In this case, Plaintiff has asserted monetary claims for damage to his reputation caused by the BCNR’s failure to make the requested corrections. Claims for the correction of military records “are outside the parameters of the Court of Federal Claims’ Tucker Act jurisdiction unless they are somehow ‘tied and subordinate to’ a separate claim for money.” Millican v. United States, 2006 WL 5640829, at *8 (Fed.Cl. Aug. 24, 2006) (quoting James v. Caldera, 159 F.3d 573, 580-81 (Fed.Cir.1998)).
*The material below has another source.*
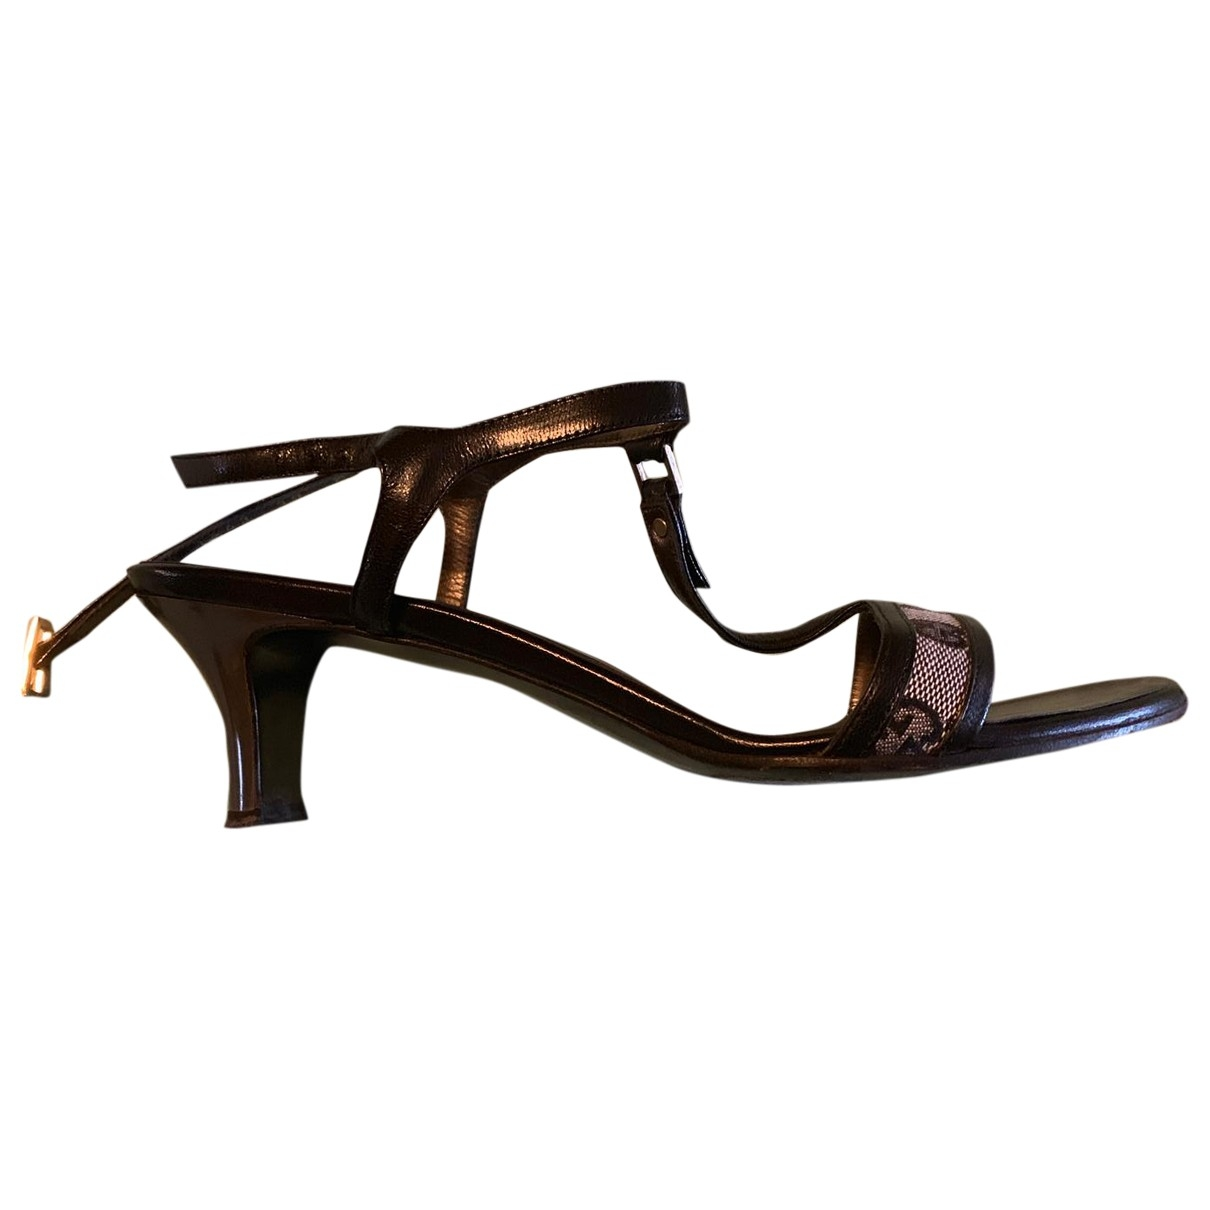 Gucci \N Black Leather Sandals for Women 39 EU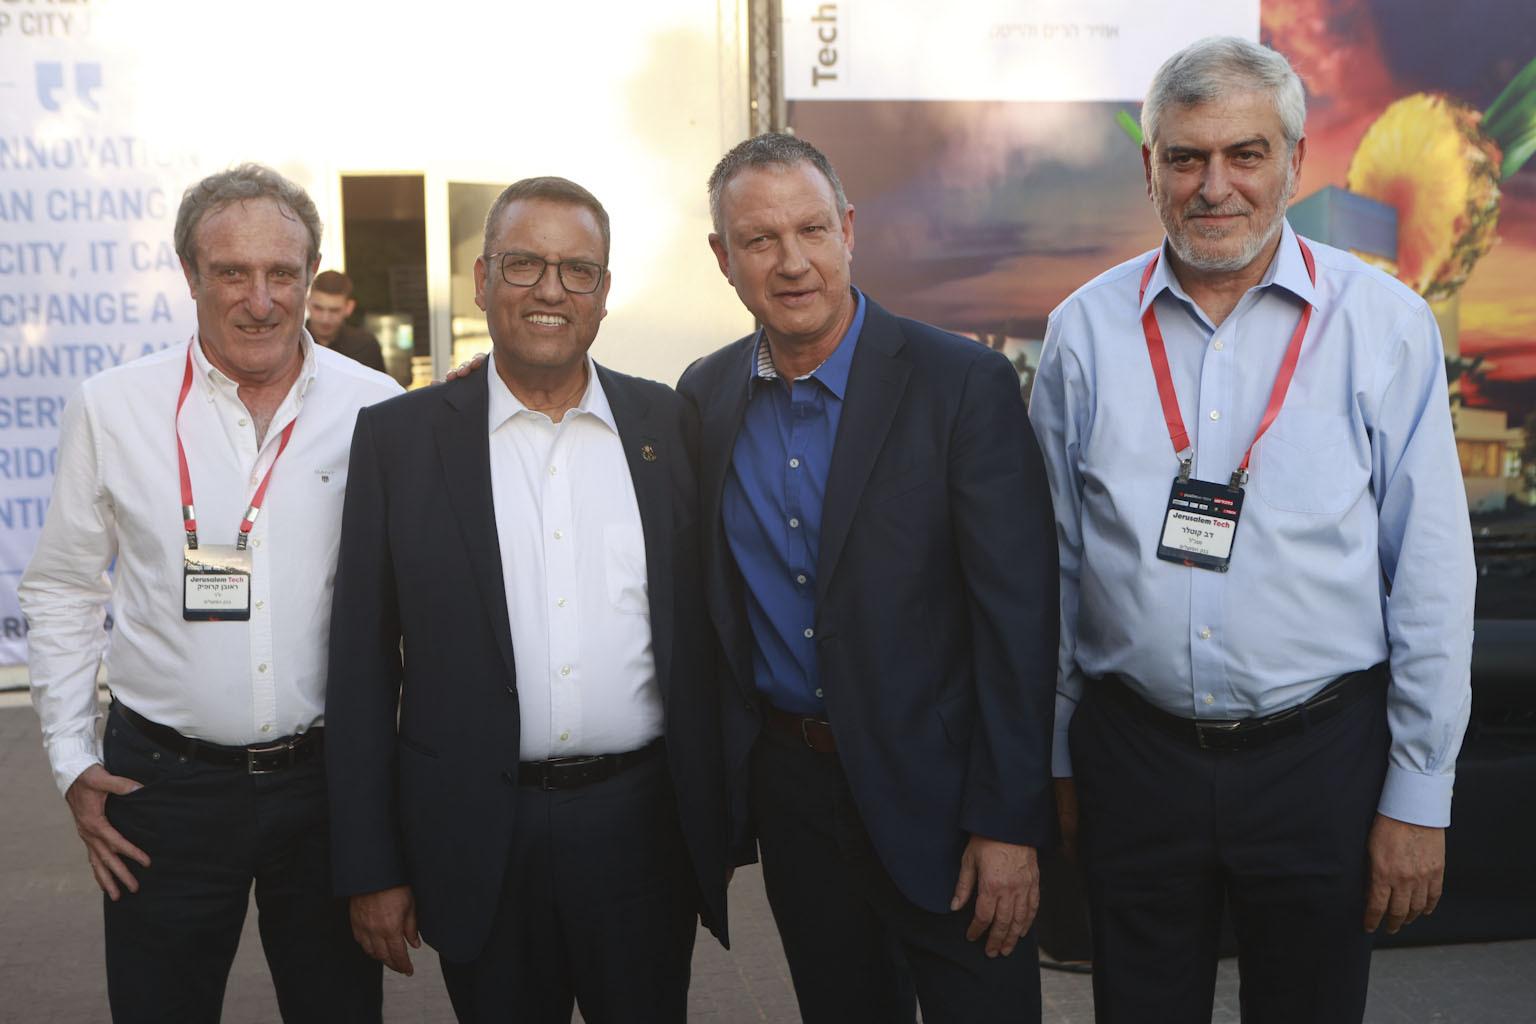 Bank Hapoalim CEO Dov Kotler (from right), Erel Margalit, Jerusalem mayor Moshe Lion and Bank Hapoalim Chairman Reuben Krupik. Photo: Amit Shaal

As for alleged defamation by private parties, these are tort claims over which a United States District Court or state court may have jurisdiction, but this court does not. See 28 U.S.C. § 1491(a); see also Aetna Cas. & Sur. Co. v. United States, 655 F.2d 1047, 1059 (Ct.Cl.1981) (“Tort claims ... are expressly beyond our Tucker Act jurisdiction.”).

III. CONCLUSION.

For the reasons discussed above, the court grants the Government’s May 16, 2012 Motion to Dismiss Plaintiffs February 15, 2012 Complaint, pursuant to RCFC 12(b)(1).

IT IS SO ORDERED.

. On June 25, 2012, the court issued an order that Plaintiff's June 25, 2012 Response was a Sur-Reply, to which the Government need not respond.